Thus, in some embodiments, the disclosure provides a nucleic acid molecule or mixture of nucleic acid molecules comprising multiple variants of a reference sequence, each variant sequence may optionally be releasable from the nucleic acid molecule. In certain embodiments, the nucleic acid molecule or mixture of nucleic acid molecules comprises variants releasable from the nucleic acid molecule using a restriction enzyme.
In some embodiments, the nucleic acid molecule or mixture of nucleic acid molecules comprises at least one single nucleotide polymorphism (SNP), multiple nucleotide polymorphisms (MNP), insertion, deletion, copy number variation, gene fusion, duplication, inversion, repeat polymorphism, homopolymer of a reference sequence, and/or a non-human sequence. In some embodiments, the nucleic acid molecule or mixture of nucleic acid molecules comprises at least 5 variants. In certain embodiments, at least 15, 20, 30, 50, 100, 200, 300 400, 700, 1000 variants are present. In yet other embodiments, greater than 1000 variants are present. In some embodiments, each variant is present (e.g., in the sample being tested) at a high or low-frequency. For instance, in certain embodiments, each variant may be present at a frequency of 1%, 5%, 10%, 15%, 20%, 30%, 40% or 50% or more. In other embodiments, each variant may be present at a frequency of less than 50%, less than 40%, less than 20%, less than 15%, less than 10%, less than 5%, less than 3%, less than 1%, less than 0.5%, less than 0.1%, and any integer in between.

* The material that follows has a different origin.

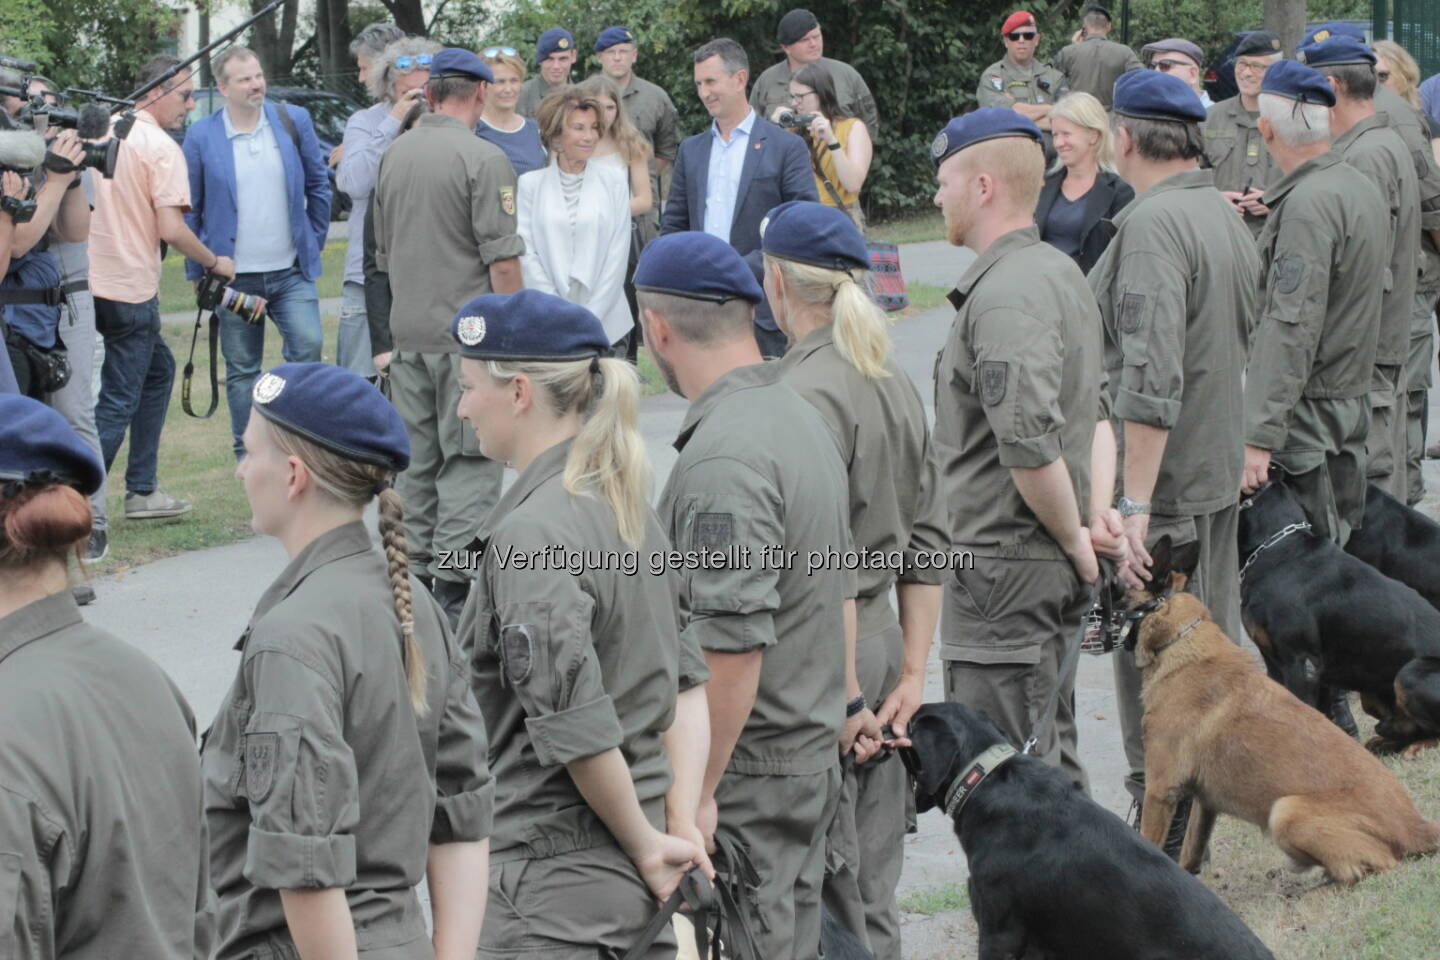 Bundeskanzlerin in Kaisersteinbruch, 29.7.19. Gut 50% der Hundeführer hier sind weiblich, schätze ich.
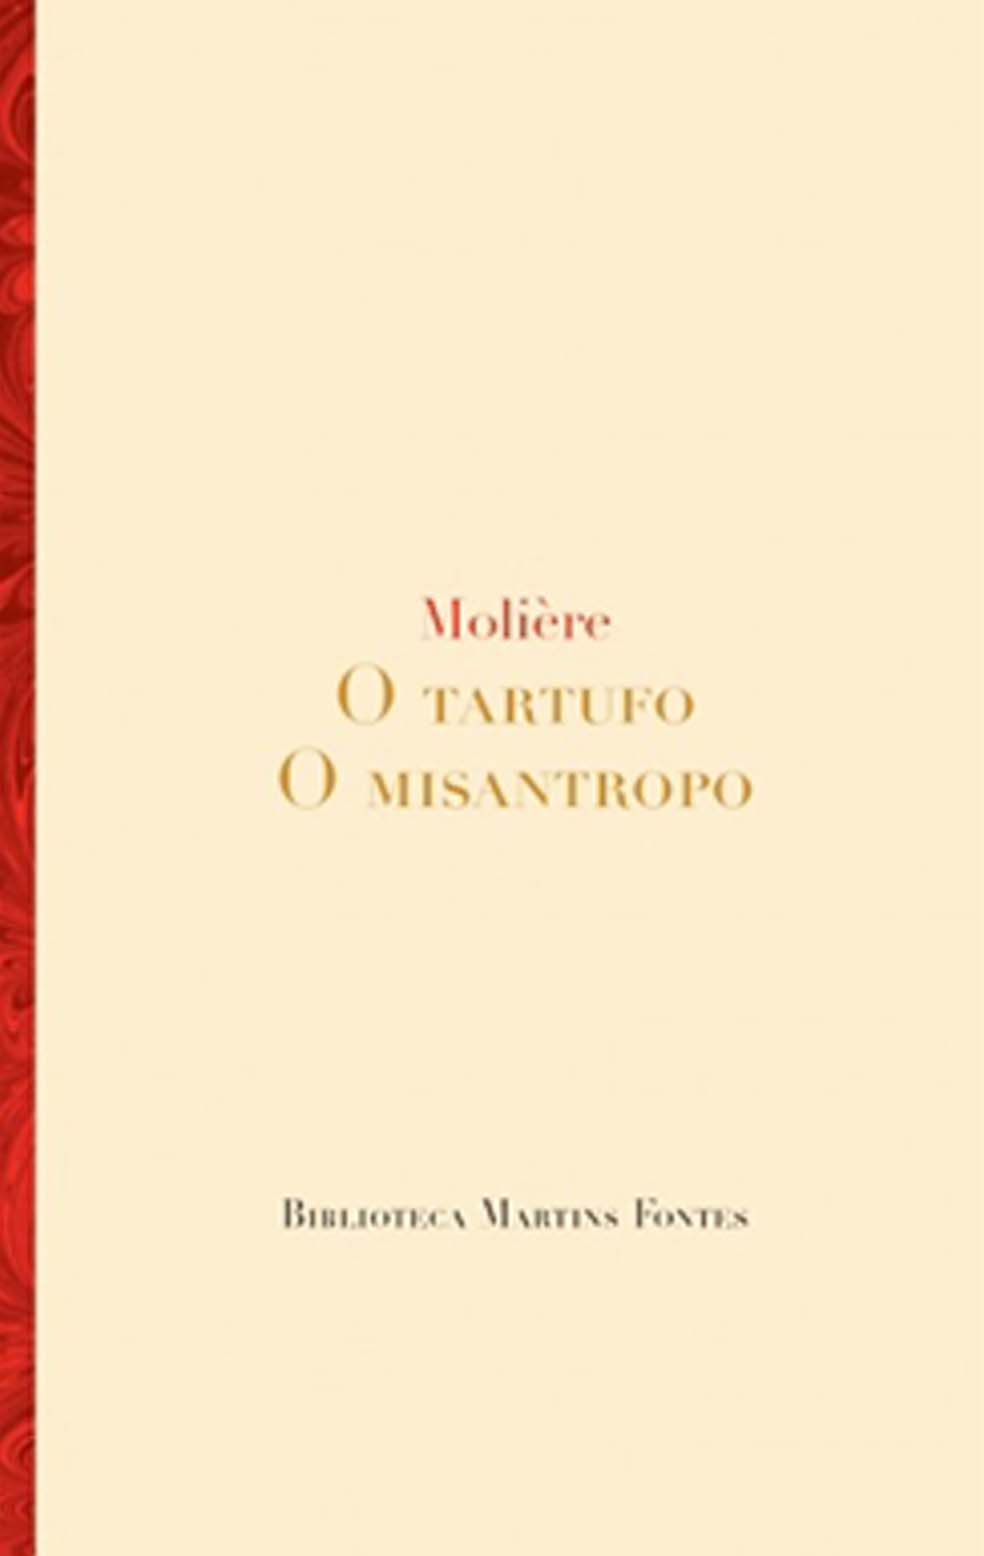 Tartufo, O / Misantropo, O  - Martins Fontes

An advantage of the disclosed control materials is that the “truth” of a sample is known. There are currently no reference materials for which absolute frequency (i.e, the truth) is known, that is, the actual frequency of a given variant or combination of variants present are not known. In contrast, in the disclosed control materials, the actual frequency of variants is known.
Attendant to the teachings of this disclosure, standardized control materials for next generation sequencing (NGS) assays can be produced. Issues such as variant call differences between sites, variability of reagents across instruments, variation introduced by diverse bioinformatics pipelines and filters, run-to-run and lab-to-lab variability can be identified and resolved and/or obviated utilizing the control materials.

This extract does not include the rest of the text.